Picrotoxin has been suggested to allosterically inhibit the ligand-gated ion channels in various studies, including in single-channel kinetic and conductance analysis studies [34,50], studies on the interactions between picrotoxin analogs [51], site-directed mutagenesis studies [38,52] and electrophysiology and fluorescence labelling studies [53]. The replacement of the valine and threonine residues in the M2 region with cysteine and the co-application of picrotoxin with GABA and sulfhydryl reagents has demonstrated that the blocked state of the channel is different from the closed state [35]. In this study, if picrotoxin acted as an open-pore blocker, then it would be expected that both the anion and GABA efflux mediated by the ALMT proteins would be inhibited. However, the lack of GABA efflux inhibition caused by picrotoxin indicates that this agent could function via an allosteric mechanism. The TaALMT1 from wheat shares 63% amino acid similarity to the Arabidopsis AtALMT1, and it is thus highly probable that the malate flux mediated by TaALMT1 employs a similar mechanism to that identified in AtALMT1. Homology modelling of TaALMT1 shows that picrotoxin-binding residues project into the pore (Figure 6B,C), strengthening the probability that it acts on ion fluxes via an allosteric mechanism. However, site-directed mutagenesis and characterisation need to be carried out to confirm the role of these residues in binding picrotoxin and if these residues are responsible for the allosteric inhibition of anion flux similar to that observed mammalian GABA_AR.

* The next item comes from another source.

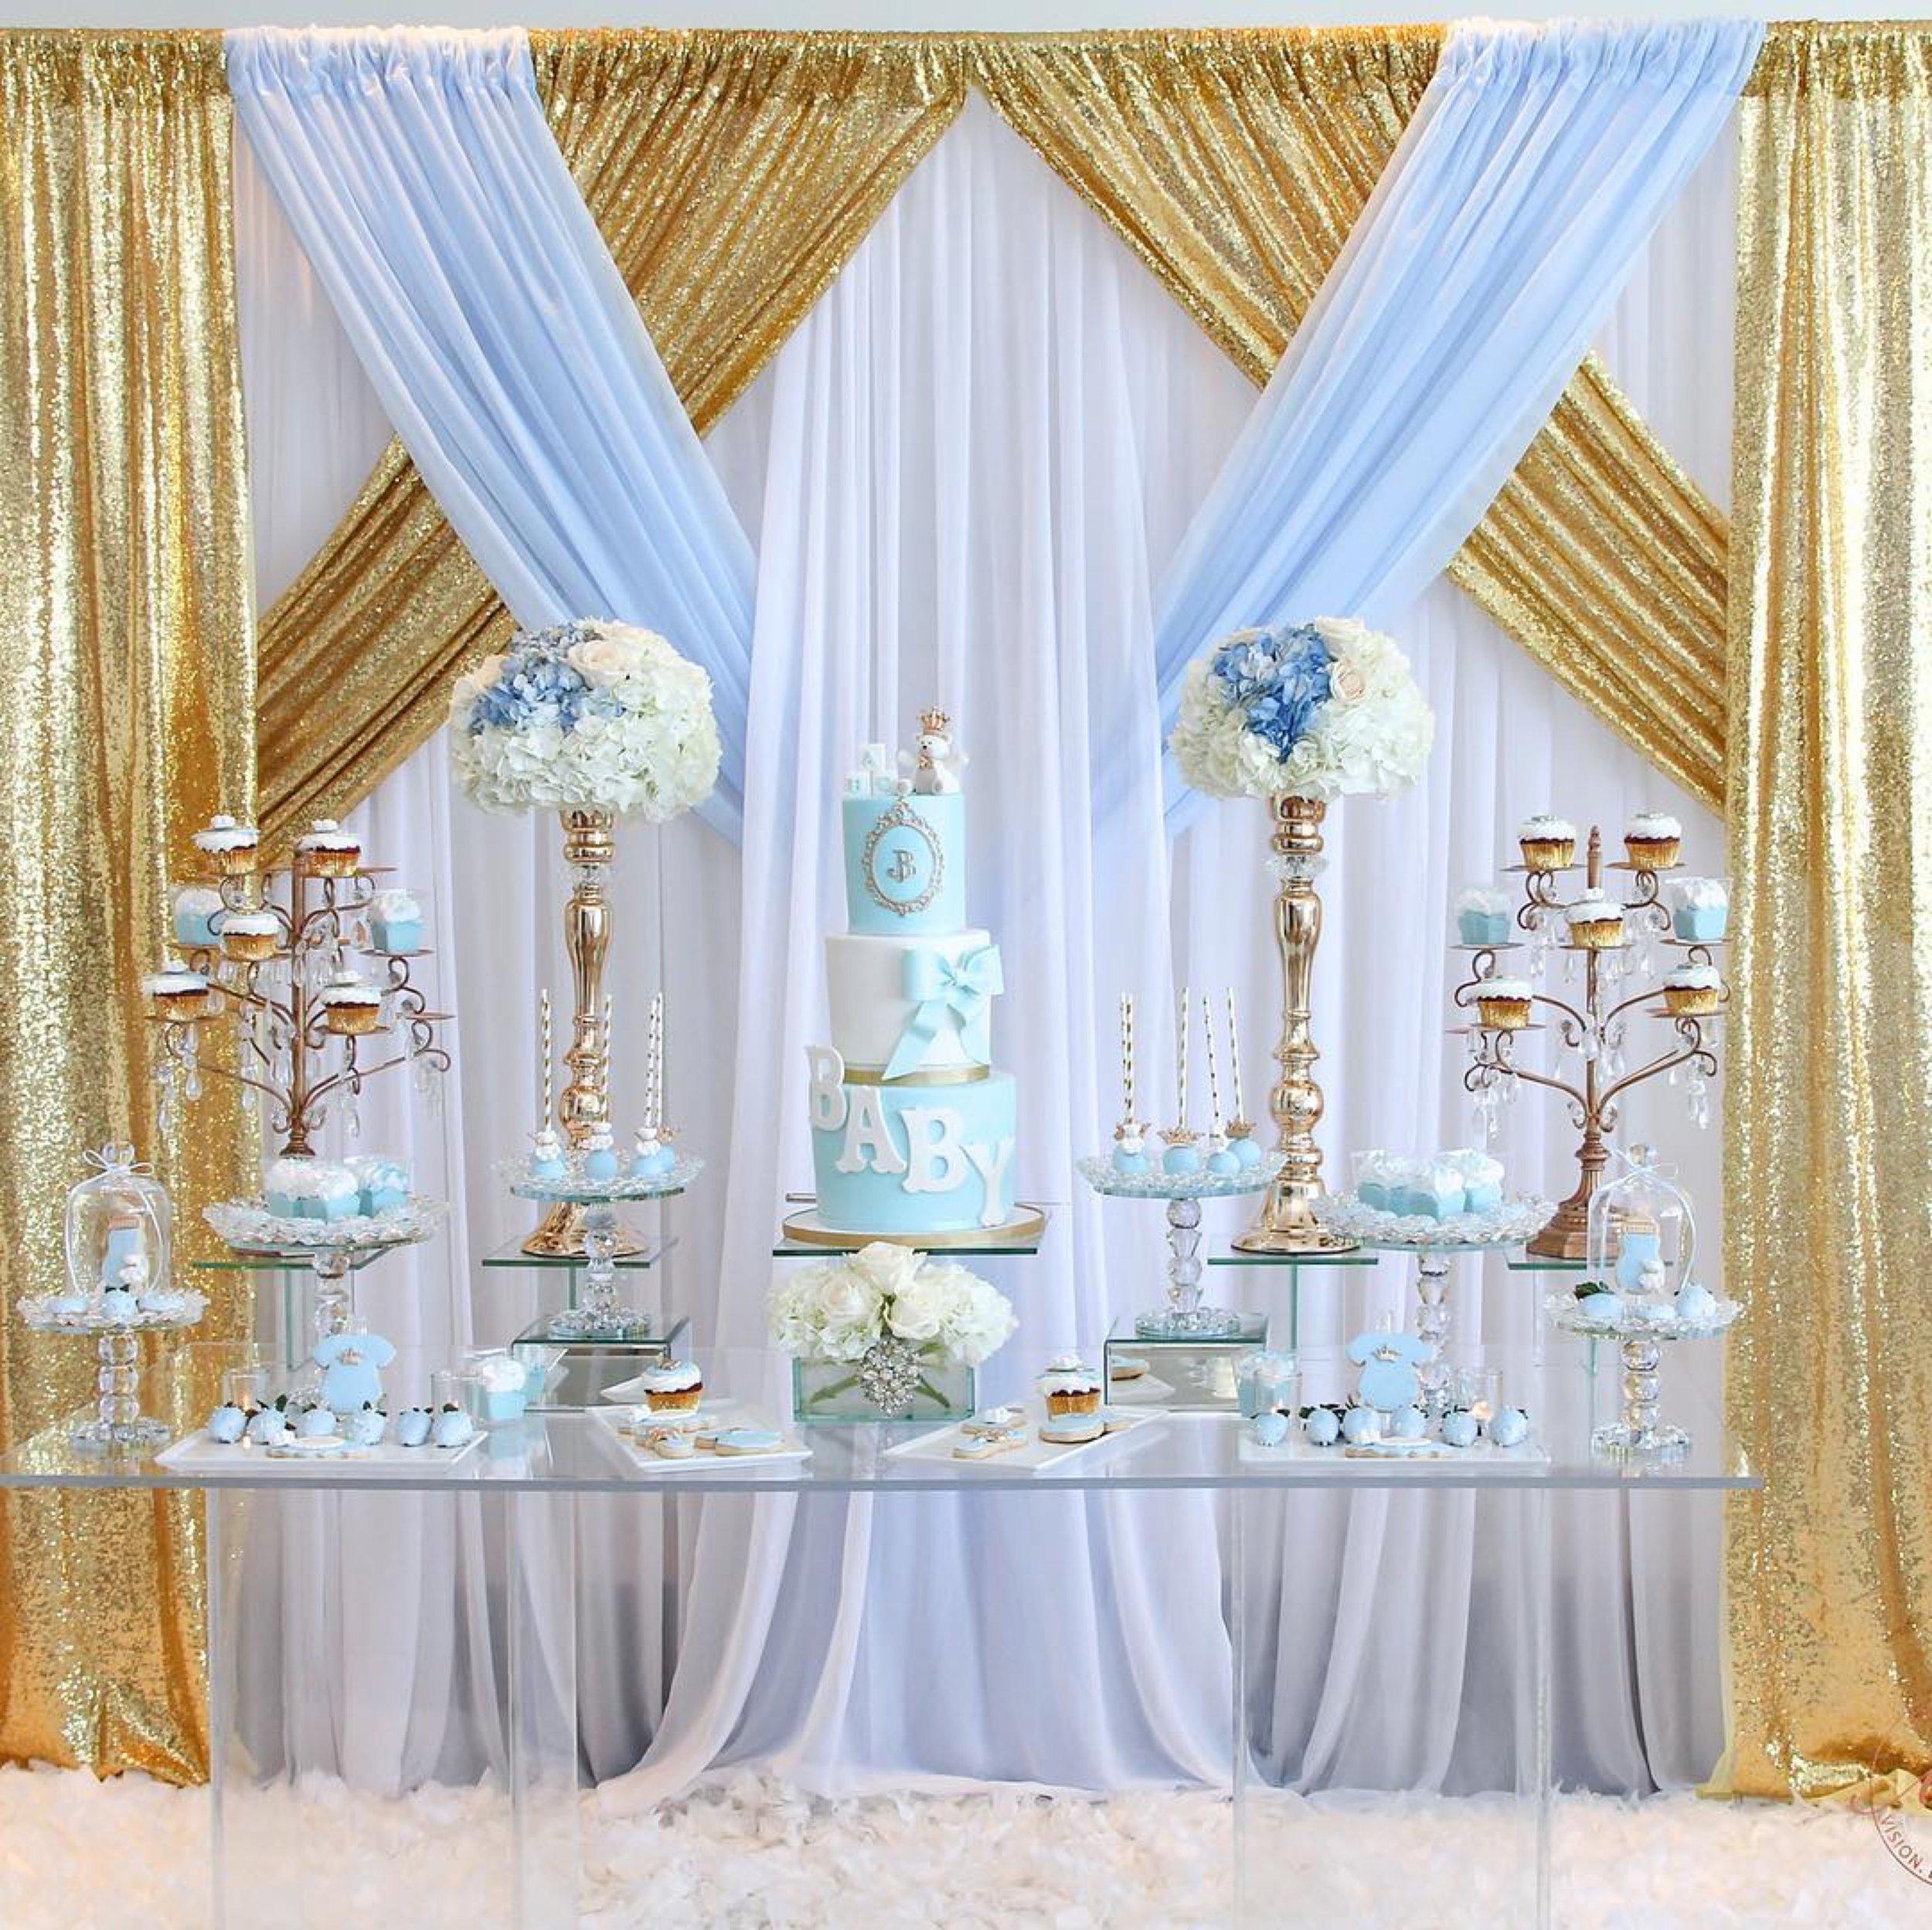 elegant-baby-shower-gold-chandelier-cupcake-stands.jpg

Our current model of GABA and malate transport via TaALMT1 is summarised in Figure 7 and incorporates previous evidence [28]. In influx mode, GABA transport (1) into the cell can occur through GABA transporters such as GAT1 [54]. Malate efflux (2) across the membrane is mediated by the ALMTs (e.g., TaALMT1). In efflux mode, the GABA that is transported into the cell can bind to the GABA binding site (3) on TaALMT1 and block malate transport. We hypothesise that the GABA-induced blockage of malate transport, which is evident from the cytoplasmic side [20], is indicative of GABA inducing the TaALMT1 protein into a different conformation that prevents malate transport but allows GABA transport (4). In this conformation, it is likely that the picrotoxin binding site is unavailable. In the absence of GABA binding to its site on TaALMT1, picrotoxin can bind to its site and prevent malate efflux (5) from the cytoplasm. Thus, both malate and GABA efflux possibly occur via the same pathway through the protein, albeit in a different conformation, perhaps one that is related to the charge distribution at the selectivity filter, given that malate and GABA, although structurally similar, differ in that they are negatively charged and uncharged, respectively.

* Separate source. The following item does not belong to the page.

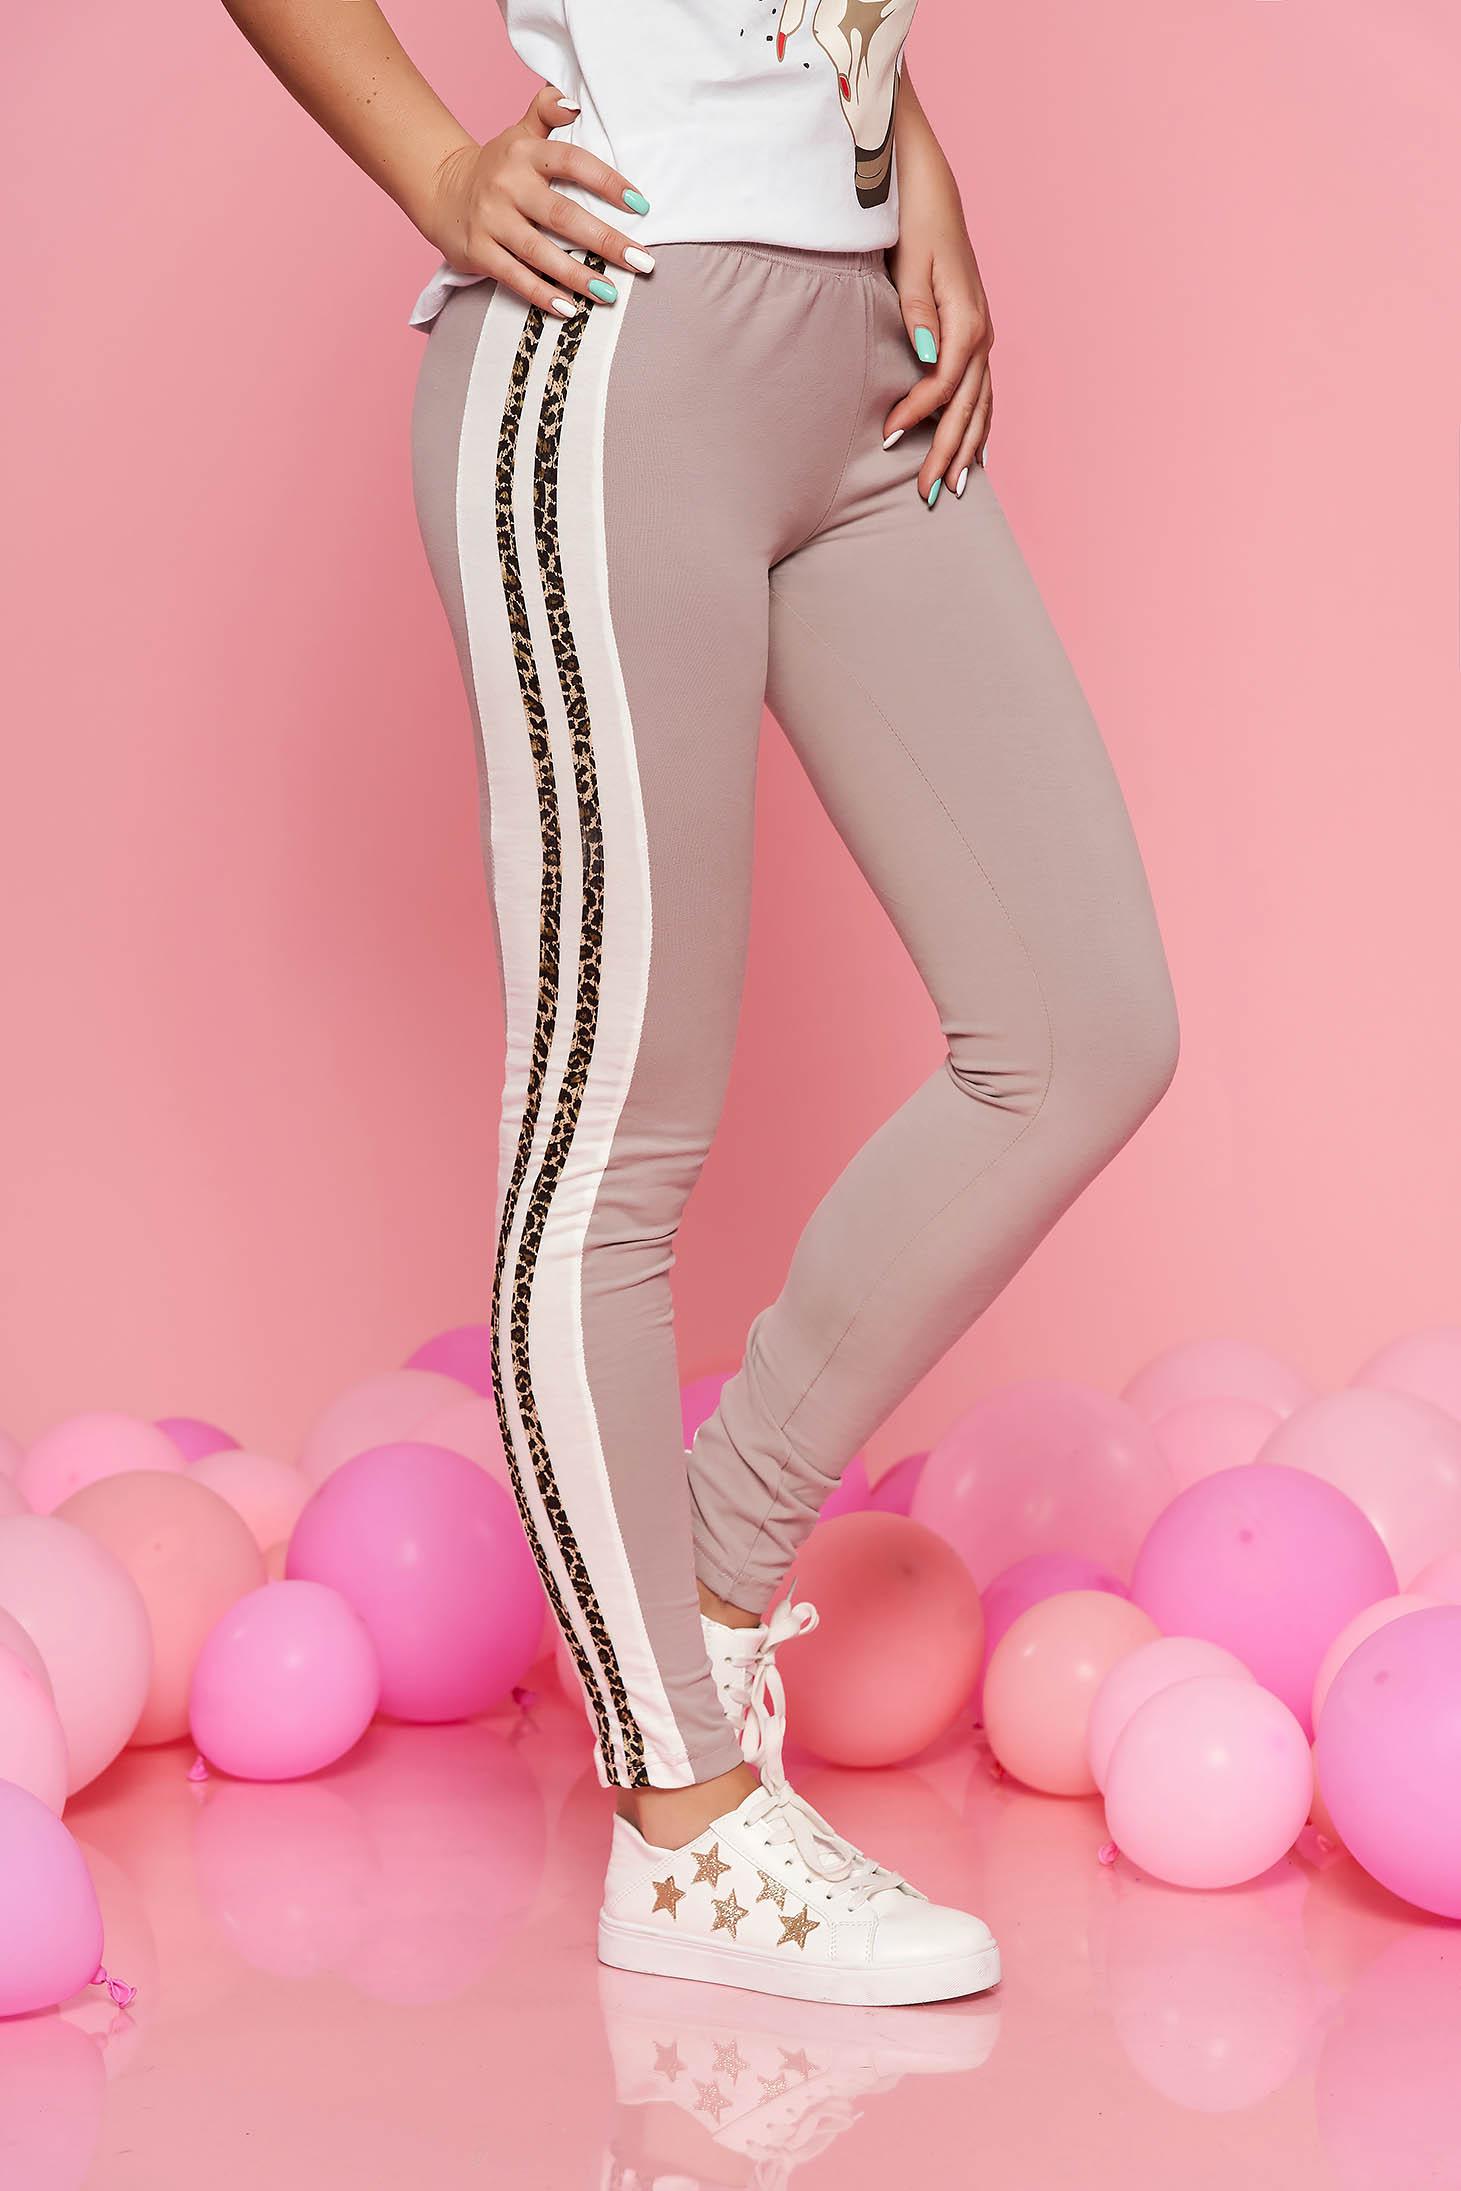 SunShine cream sporty tights with medium waist slightly elastic cotton with elastic waist

Taken together, picrotoxin could possibly inhibit TaALMT1 by only binding to the malate conducting TaALMT1 conformation. Our results demonstrate that picrotoxin inhibits the anion efflux mediated by TaALMT1 and could be used as a new inhibitor to distinguish between the anion transport and GABA transport modes for ALMT proteins. Further research to identify the functional roles of the residues that have been identified as important for picrotoxin binding is ongoing.

5. Conclusions

In conclusion, this study demonstrates that picrotoxin blocks the malate efflux mediated by TaALMT1 in heterologous expression systems and in near-isogenic lines of wheat ET8 (Al-tolerant). In addition, picrotoxin has no effect on the GABA efflux mediated by ALMTs. It is likely that picrotoxin is an allosteric inhibitor of anion efflux, but further research is required to gain insights into its mechanism of action.